5/56 Before getting into the wallet’s features & tools, the Dojo full node needs to be set up on a single board computer (SBC). I chose a RasPi4, but consider using the RockPro64 for the smoothest set up. PC also required for the RoninUI.

wiki.ronindojo.io/en/hardware
6/56 The Ronin Dojo Wiki offers many helpful resources & detailed instructions. If you get stuck in the set up process, jump into the Telegram group. Community members are supportive and go out of their way to help new users get up & running.

t.me/RoninDojoUI
7/56 I’m only giving a high level overview of the set up process because detailed instructions are on the Wiki page. Assemble/connect your hardware, download/verify the Ronin image, & flash a MicroSD card. Then power up the hardware.

wiki.ronindojo.io/en/gui-setup/s…
8/56 SSH into the SBC, configure keyboard layout, username, ect. Run updates & clone Ronin repository. This will get Ronin CLI up & running. From here, the Dojo dependencies can be installed, which is the back-end server that interacts with Bitcoin.
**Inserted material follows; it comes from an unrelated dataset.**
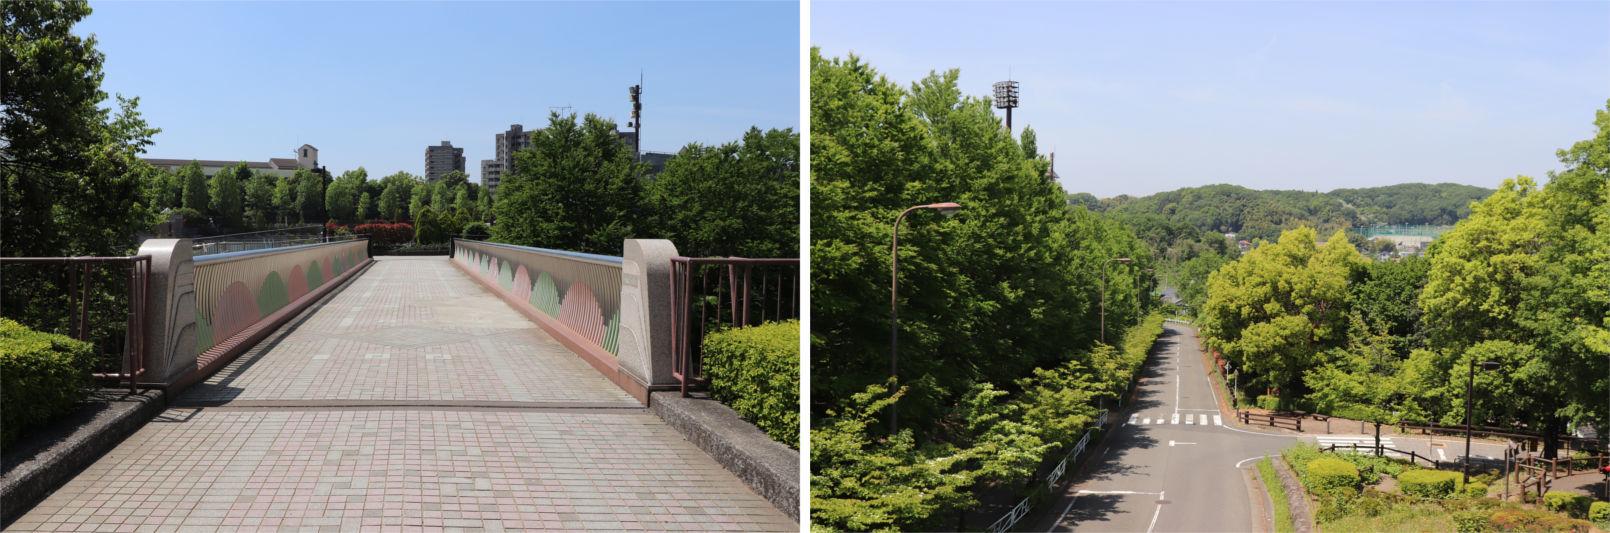 [多摩NTの橋ぜんぶ撮影PJ] No.36~40 上柚木公園周辺の橋_a0332275_01150971.jpg
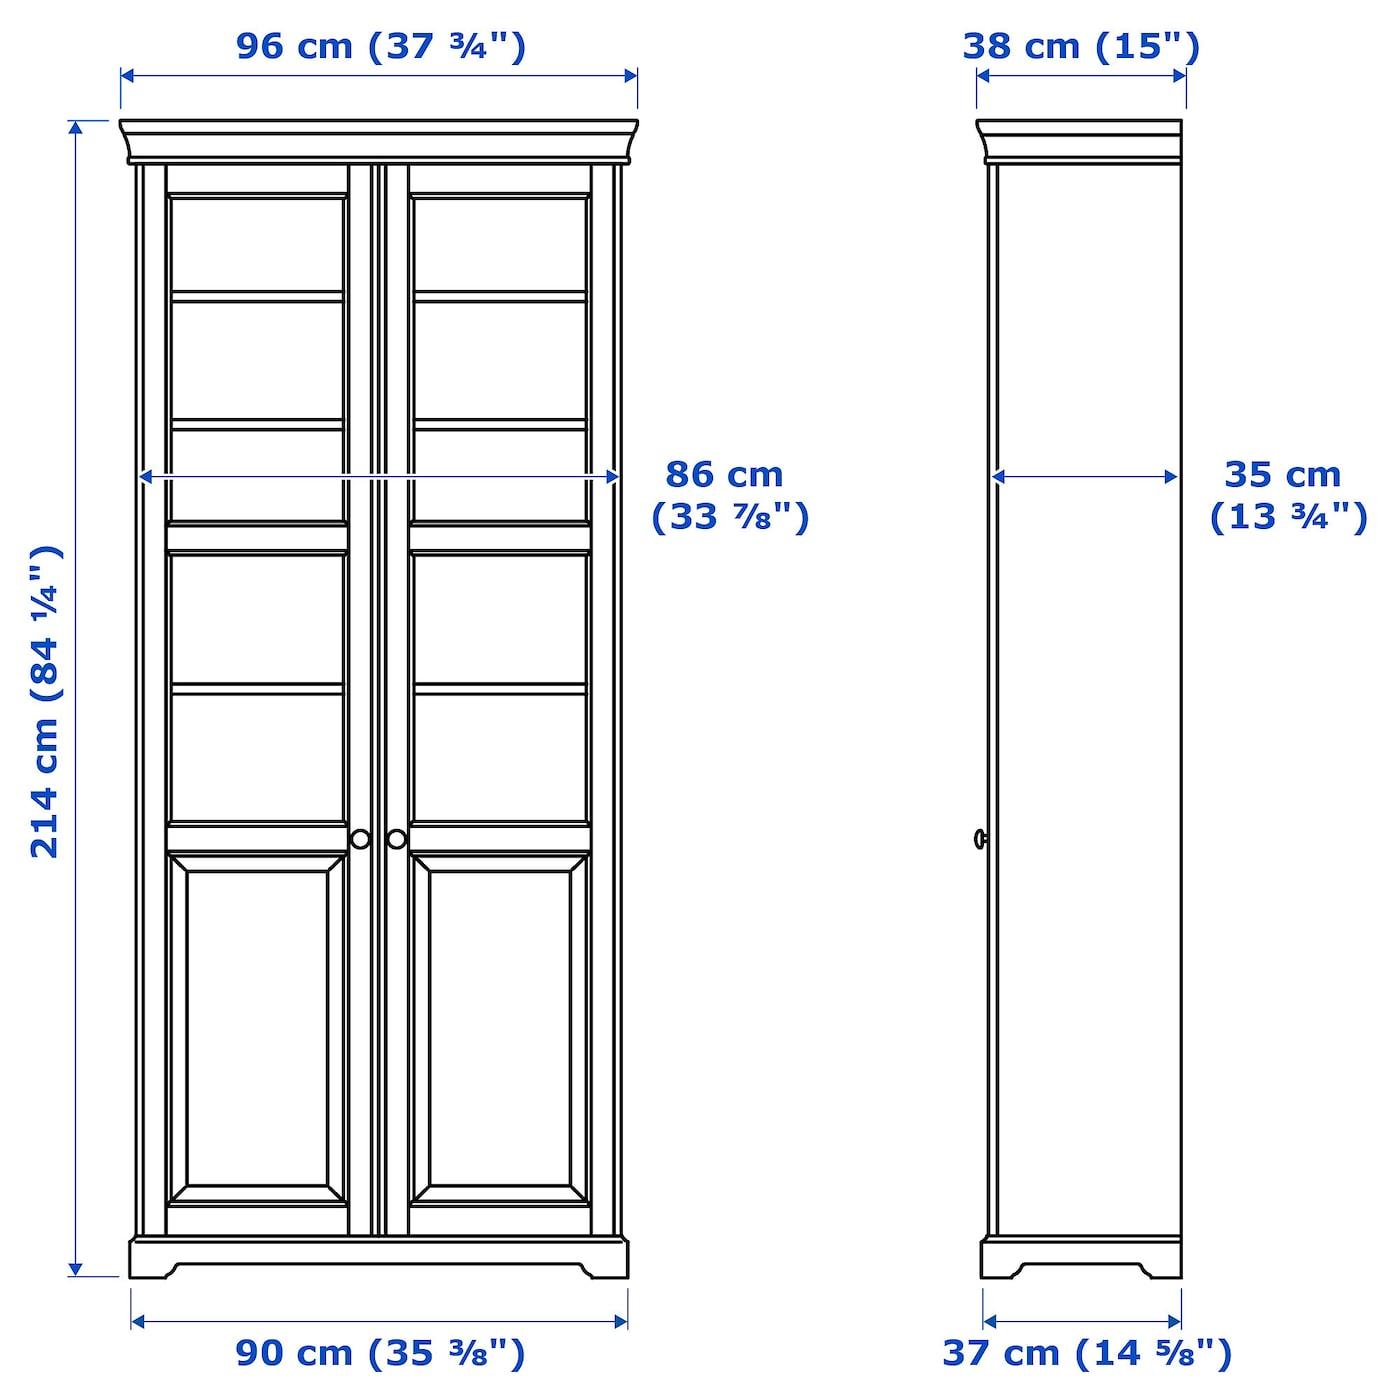 LIATORP Boekenkast met glazen deur Wit 96 x 214 cm - IKEA

wiki.ronindojo.io/gui-setup/step2
9/56 Optionally, a user can install Indexer, a balance querying tool; and Electrum Rust Server, a hardware wallet interfacing tool. These options will only install after Dojo has completed the Initial Block Download (IBD) & they’ll take an additional 8 hours.
10/56 Depending on a # of factors, IBD will take at least 2 days, possibly a week. In the mean-time it is safe to get started on the User Interface setup. @RoninDojoUI is designed to make interacting with the Dojo full node more user friendly.

wiki.ronindojo.io/gui-setup/step3
11/56 Where the SBC is running the Ronin CLI & the Dojo full node, your PC will be running the RoninUI & Whirlpool GUI. With the @RonindojoUI a user can connect their @SamouraiWallet via QR code, monitor logs, & more. With the Whirlpool GUI, mixes can be managed.
12/56 On a PC: Tor browser required. Download/verify RoninUI. Copy/paste Tor credentials from Ronin CLI. Create password. Now SW can be paired to RoninUI. Download on Android, select main-net & Tor, select Connect to existing Dojo, scan QR from @RoninDojoUI.
13/56 @SamouraiWallet sets up like most other wallets. You’ll need to create a PIN code for accessing the app & secure a BIP39 passphrase/12-word mnemonic. No personal info is collected. You can restore external wallets. You also get a BIP47 PayNym!
14/56 Stop & think. Mobile bitcoin wallet. Built-in CoinJoin implementation. An array of post-mix spending tools. Connected via Tor. Backed by a user’s own full node. Managed by the UI.

Privacy ✅
Anonymity ✅
Trustless ✅
User friendly ✅
15/56 On the same PC as @RoninDojoUI, download the Whirlpool GUI. Ensure Tor browser open. In RoninUI select Start Whirlpool. In WhirlpoolGUI select Remote CLI. Copy/paste Whirlpool URL from RoninUI, leave API key blank. Press connect.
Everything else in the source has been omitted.